Traceback (most recent call last):
  File "/usr/local/miniconda/lib/python3.8/site-packages/signal_slot/signal_slot.py", line 355, in _process_signal
    slot_callable(*args)
  File "/Users/runner/work/sample-factory/sample-factory/sample_factory/algo/learning/learner_worker.py", line 139, in init
    init_model_data = self.learner.init()
  File "/Users/runner/work/sample-factory/sample-factory/sample_factory/algo/learning/learner.py", line 214, in init
    self.actor_critic = create_actor_critic(self.cfg, self.env_info.obs_space, self.env_info.action_space)
  File "/Users/runner/work/sample-factory/sample-factory/sample_factory/model/actor_critic.py", line 296, in create_actor_critic
    return make_actor_critic_func(cfg, obs_space, action_space)
  File "/Users/runner/work/sample-factory/sample-factory/sample_factory/model/actor_critic.py", line 286, in default_make_actor_critic_func
    return ActorCriticSharedWeights(model_factory, obs_space, action_space, cfg)
  File "/Users/runner/work/sample-factory/sample-factory/sample_factory/model/actor_critic.py", line 141, in __init__
    self.encoder = model_factory.make_model_encoder_func(cfg, obs_space)
  File "/Users/runner/work/sample-factory/sample-factory/sf_examples/train_custom_env_custom_model.py", line 130, in make_custom_encoder
    return CustomEncoder(cfg, obs_space)
  File "/Users/runner/work/sample-factory/sample-factory/sf_examples/train_custom_env_custom_model.py", line 114, in __init__
    self.conv_head_out_size = calc_num_elements(self.conv_head, obs_shape)
  File "/Users/runner/work/sample-factory/sample-factory/sample_factory/algo/utils/torch_utils.py", line 39, in calc_num_elements
    num_elements = module(some_input).numel()
  File "/usr/local/miniconda/lib/python3.8/site-packages/torch/nn/modules/module.py", line 1190, in _call_impl
    return forward_call(*input, **kwargs)
  File "/usr/local/miniconda/lib/python3.8/site-packages/torch/nn/modules/container.py", line 204, in forward
    input = module(input)
  File "/usr/local/miniconda/lib/python3.8/site-packages/torch/nn/modules/module.py", line 1190, in _call_impl
    return forward_call(*input, **kwargs)
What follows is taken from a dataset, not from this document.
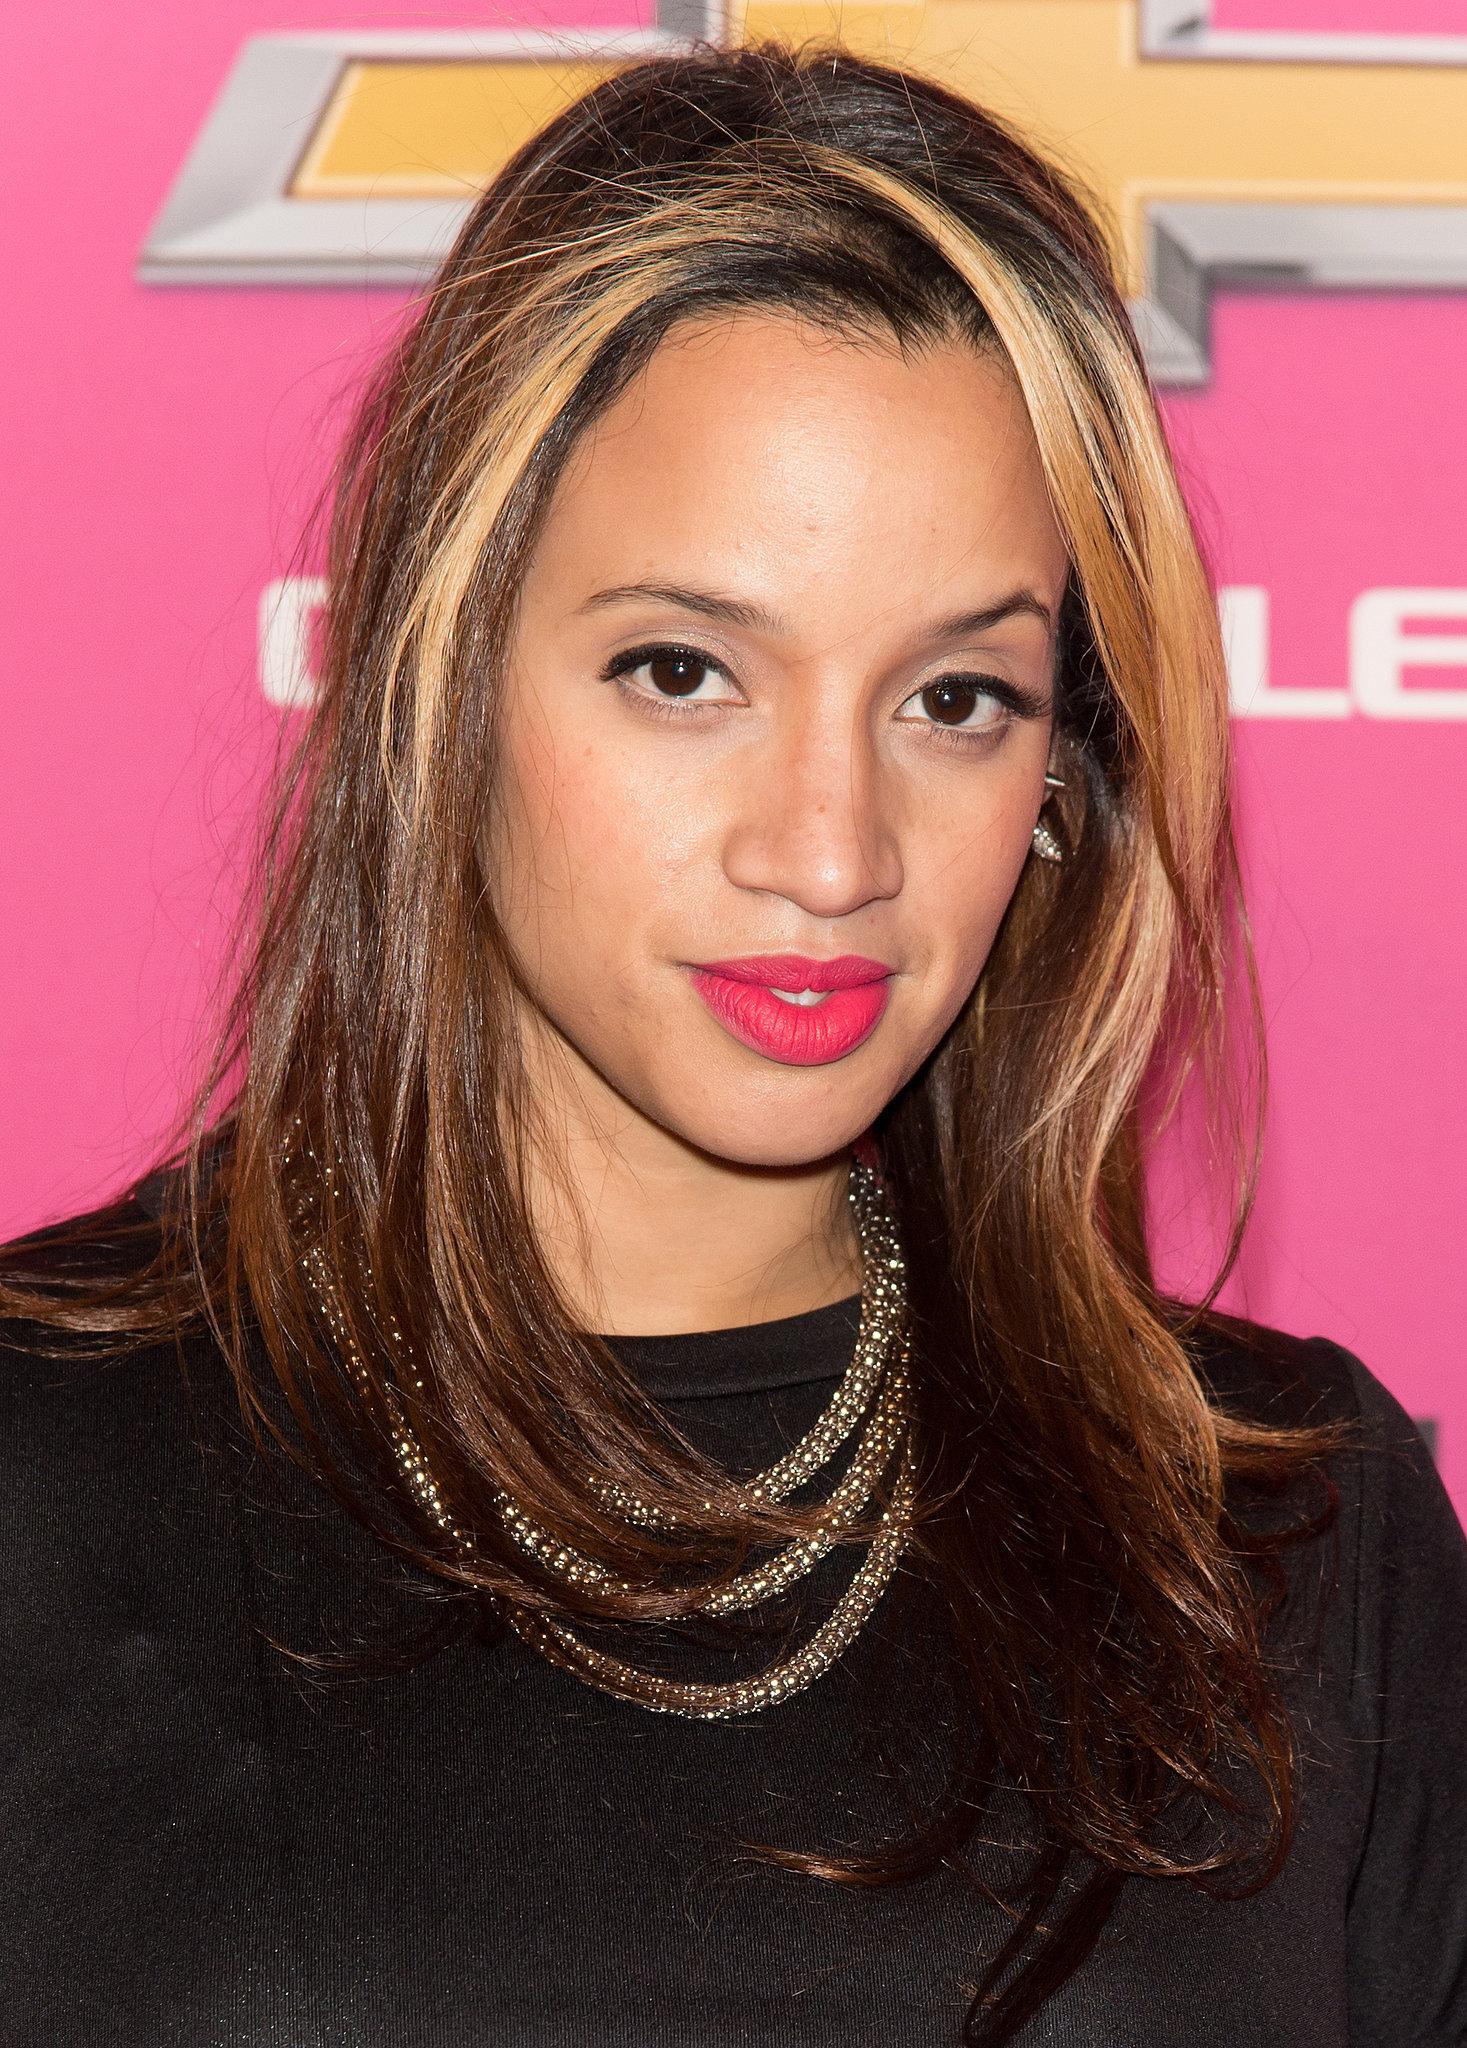 Orange Is the New Black star Dascha Polanco showed off a pop of magenta across her lips.

  File "/usr/local/miniconda/lib/python3.8/site-packages/torch/nn/modules/conv.py", line 463, in forward
    return self._conv_forward(input, self.weight, self.bias)
  File "/usr/local/miniconda/lib/python3.8/site-packages/torch/nn/modules/conv.py", line 459, in _conv_forward
    return F.conv2d(input, weight, bias, self.stride,
RuntimeError: Expected 3D (unbatched) or 4D (batched) input to conv2d, but got input of size: [1, 27]

I ran test_example_multi more than 100 times on github actions, there shows up an error:

Components take too long to start ... Aborting the experiment.